• [Work request]: What are the lines below, starting at the line containing "BCBG MAXAZRIA taupe" and ending at the line containing "Charmpit, Wiiince & Hamburger"? Write them out exactly, ends included, without pictures.

• [Material provided]:
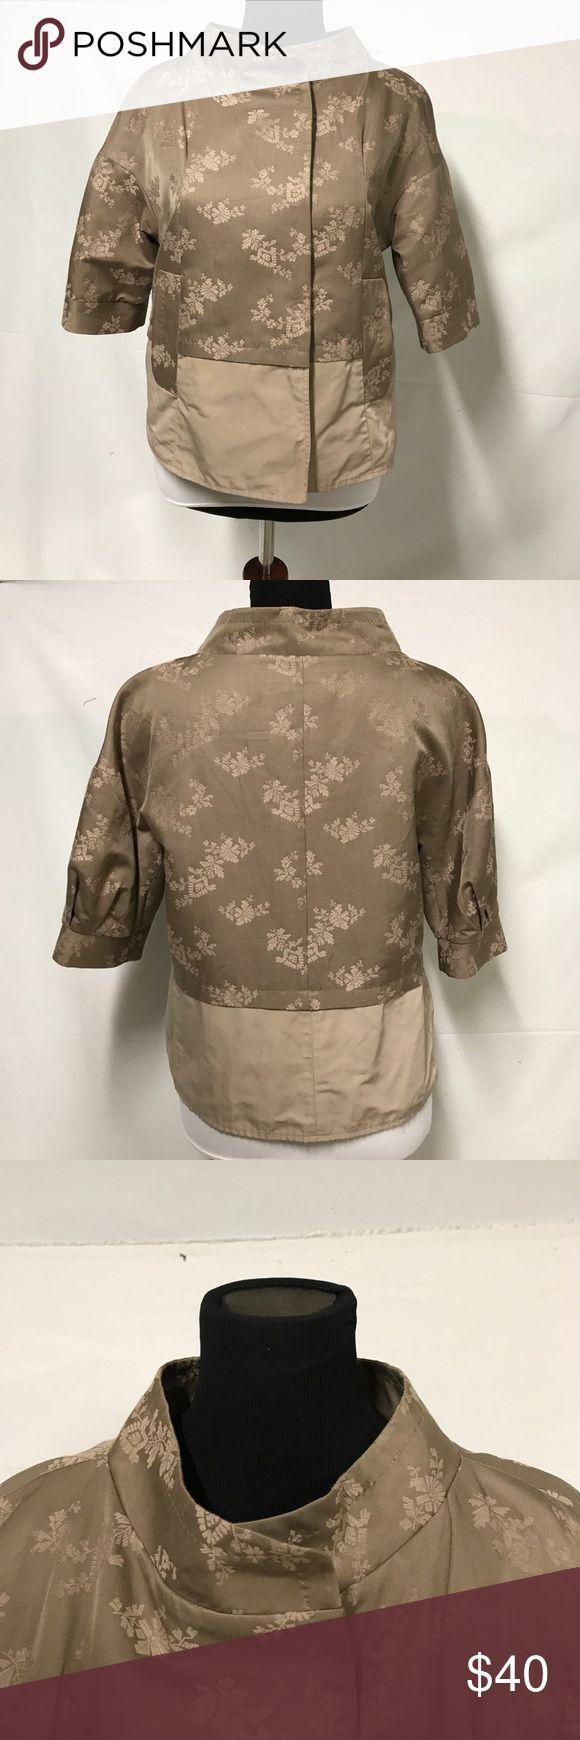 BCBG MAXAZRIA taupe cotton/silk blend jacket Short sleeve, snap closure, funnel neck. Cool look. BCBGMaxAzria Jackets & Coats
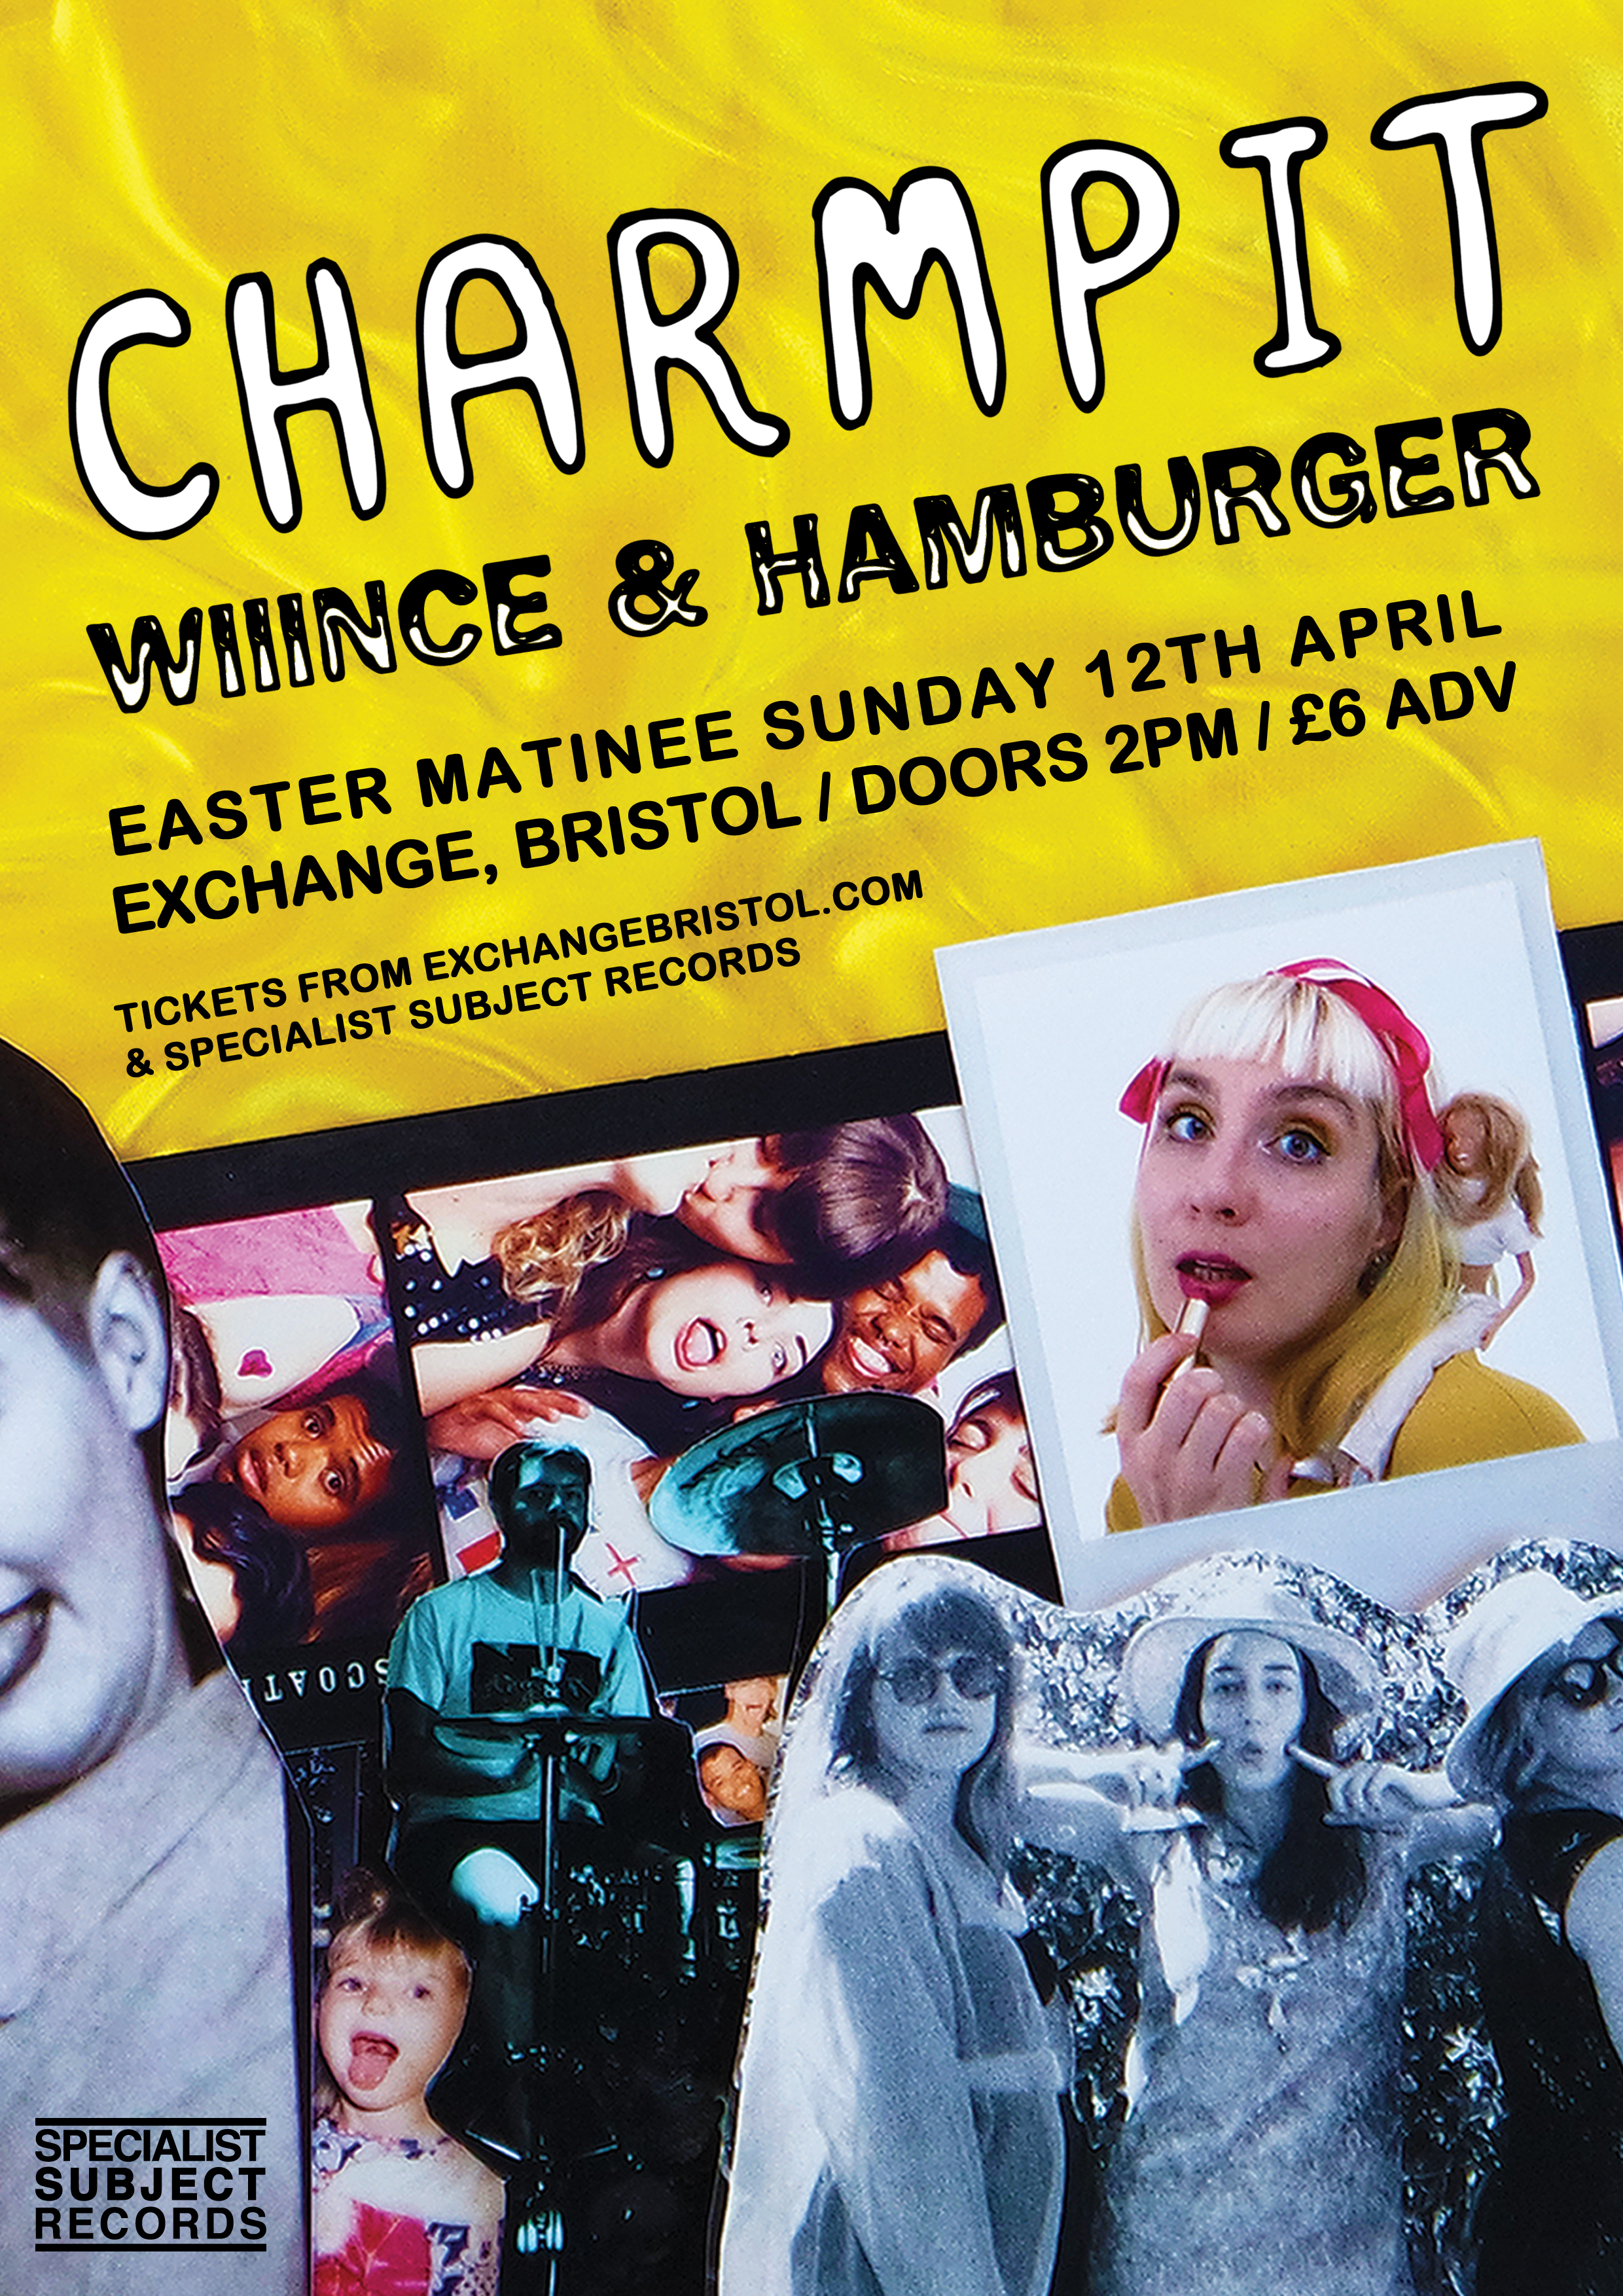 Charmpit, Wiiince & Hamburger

---

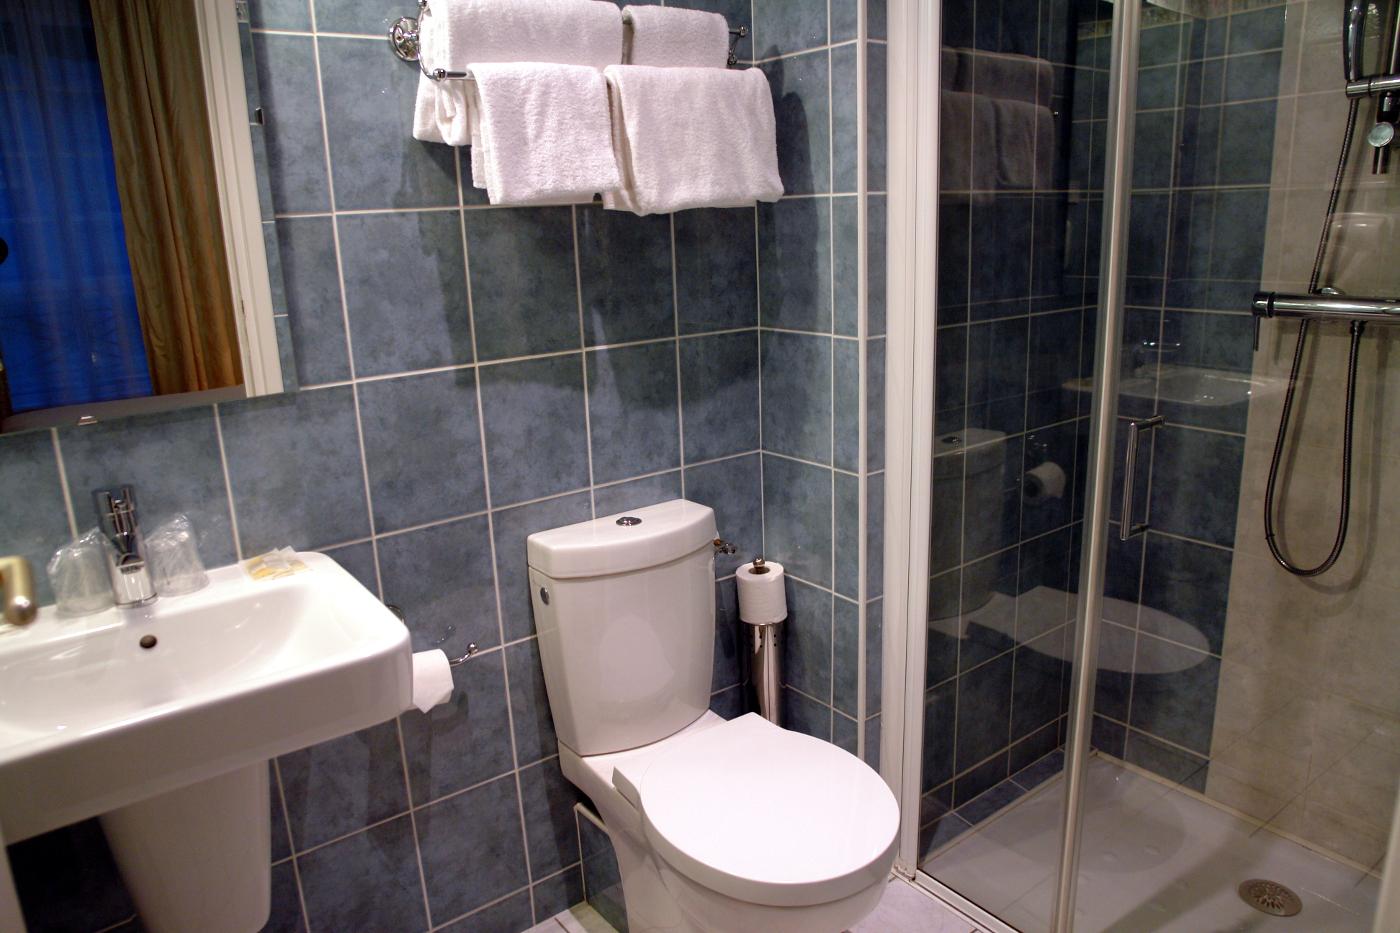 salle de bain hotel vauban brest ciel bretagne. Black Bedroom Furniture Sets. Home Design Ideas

• [Exercise response]:
 BCBG MAXAZRIA taupe cotton/silk blend jacket Short sleeve, snap closure, funnel neck. Cool look. BCBGMaxAzria Jackets & Coats
 Charmpit, Wiiince & Hamburger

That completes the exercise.